**Data section**.

= Beginning of Section =

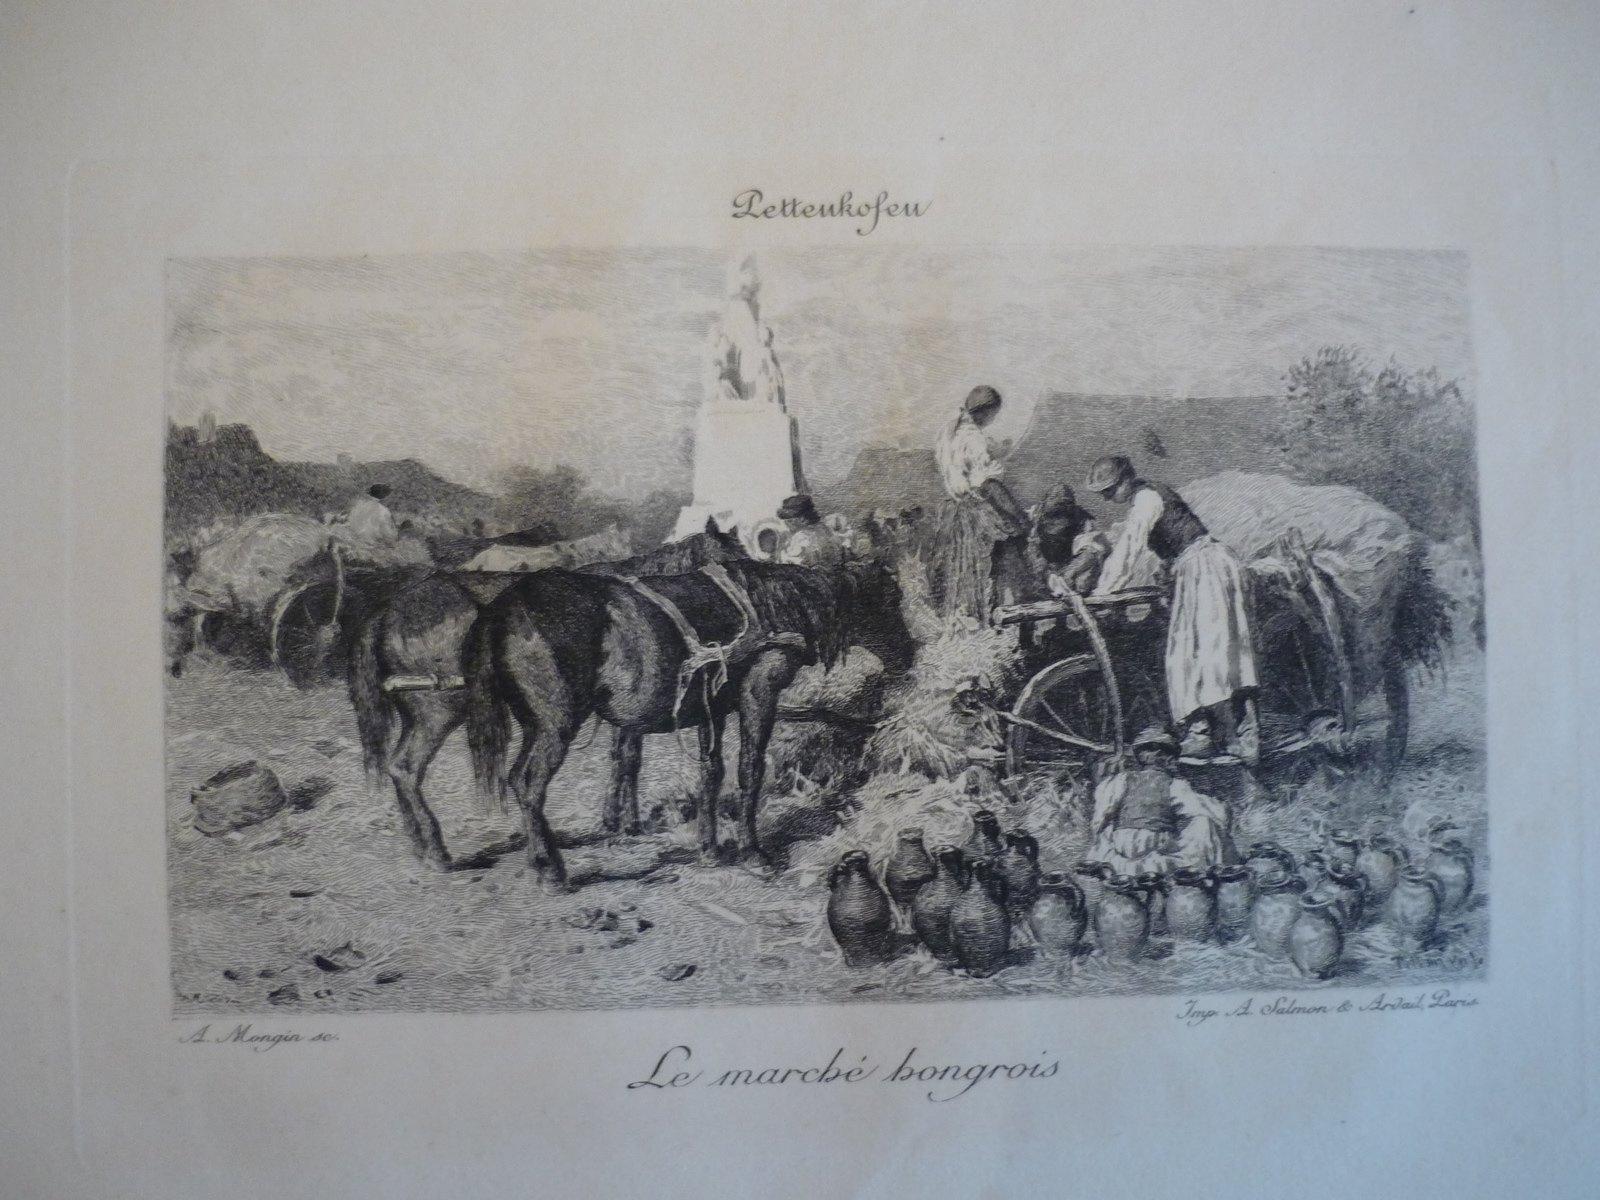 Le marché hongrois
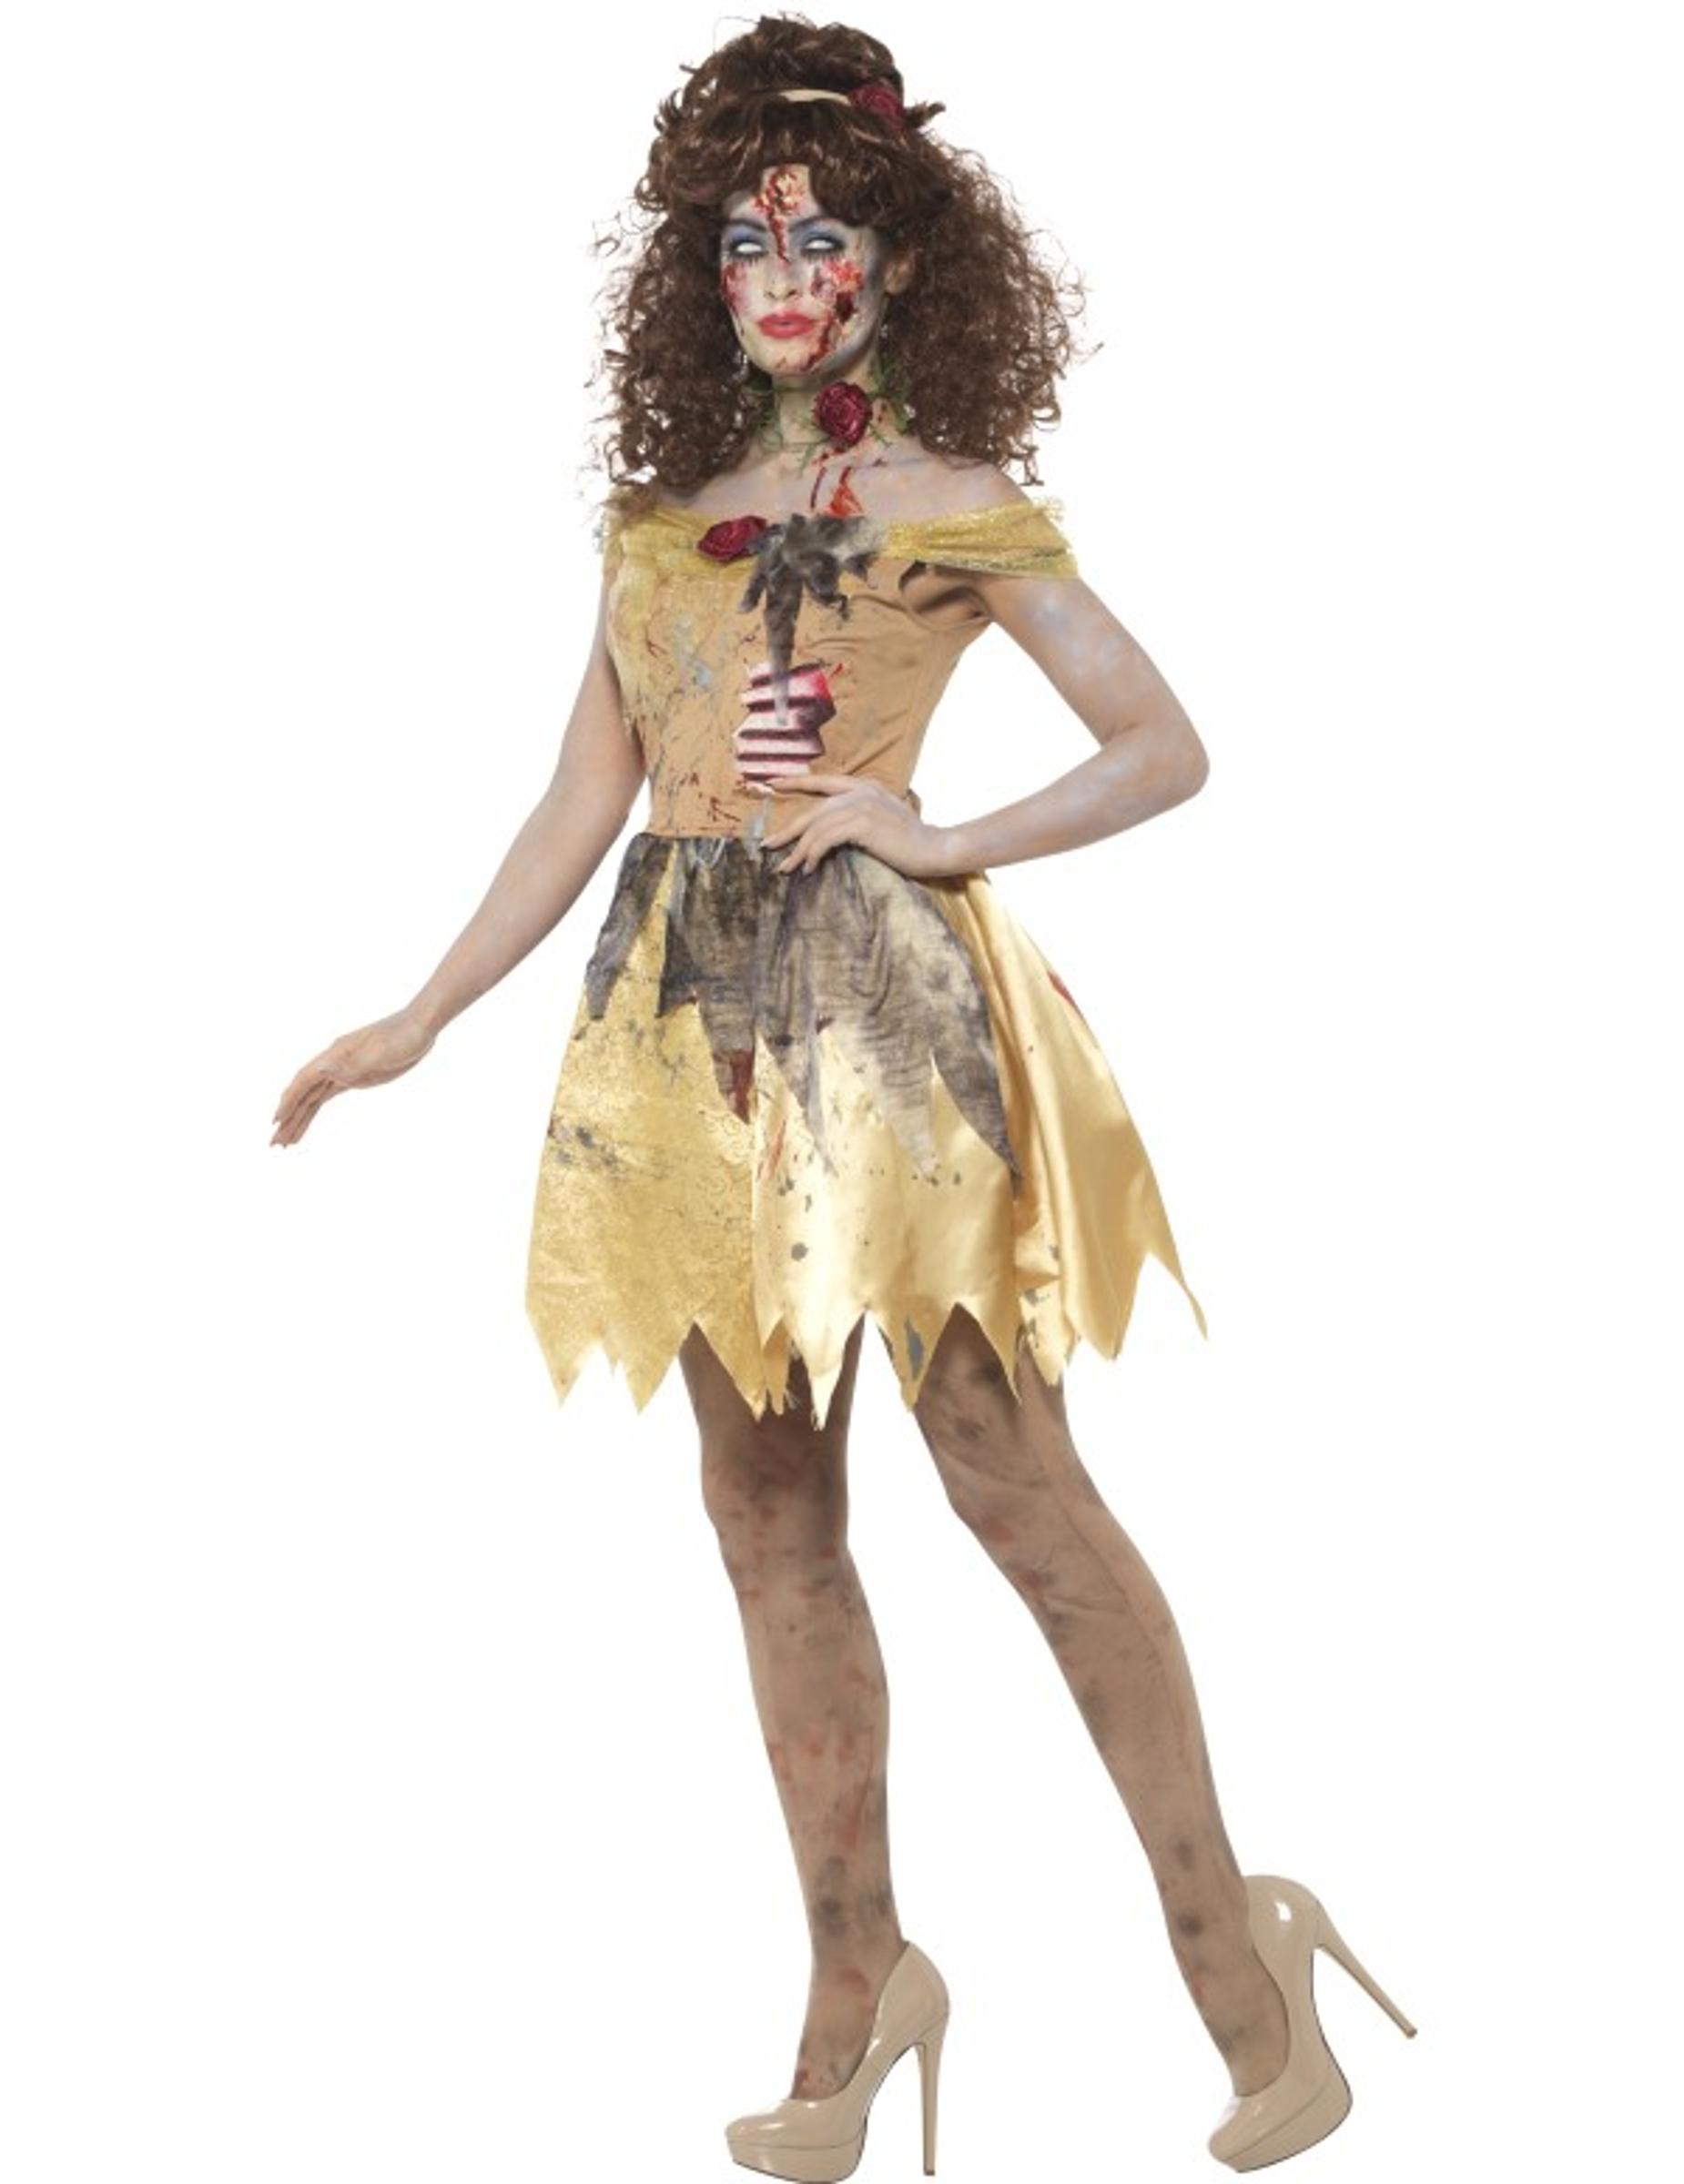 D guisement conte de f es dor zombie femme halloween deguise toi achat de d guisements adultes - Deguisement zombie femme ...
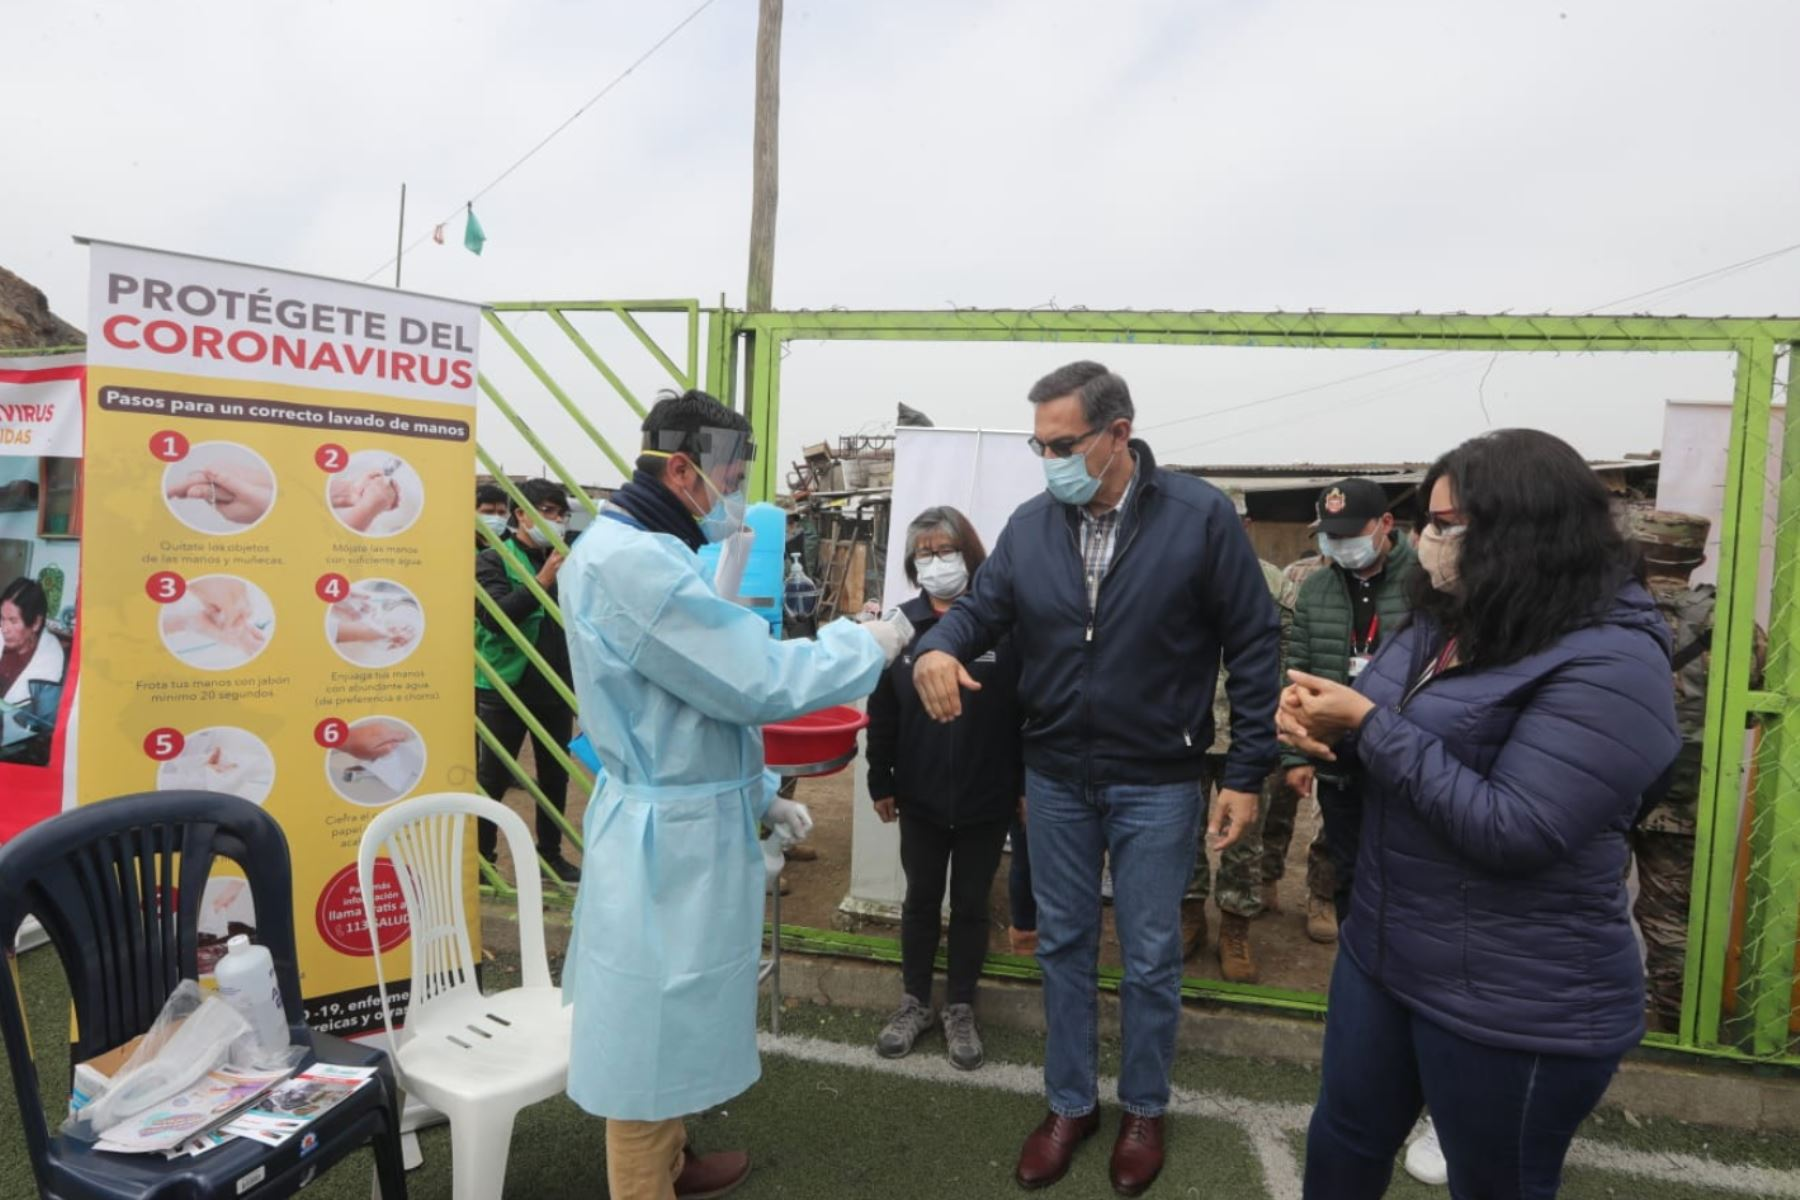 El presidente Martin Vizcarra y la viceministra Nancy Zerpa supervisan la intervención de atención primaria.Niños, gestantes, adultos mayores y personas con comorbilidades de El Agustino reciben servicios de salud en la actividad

= End of Section =

**Task to carry out**.
Leaving every picture out, repeat each line of the material exactly.

**Response below**.
 Le marché hongrois
 D guisement conte de f es dor zombie femme halloween deguise toi achat de d guisements adultes - Deguisement zombie femme ...
 El presidente Martin Vizcarra y la viceministra Nancy Zerpa supervisan la intervención de atención primaria.Niños, gestantes, adultos mayores y personas con comorbilidades de El Agustino reciben servicios de salud en la actividad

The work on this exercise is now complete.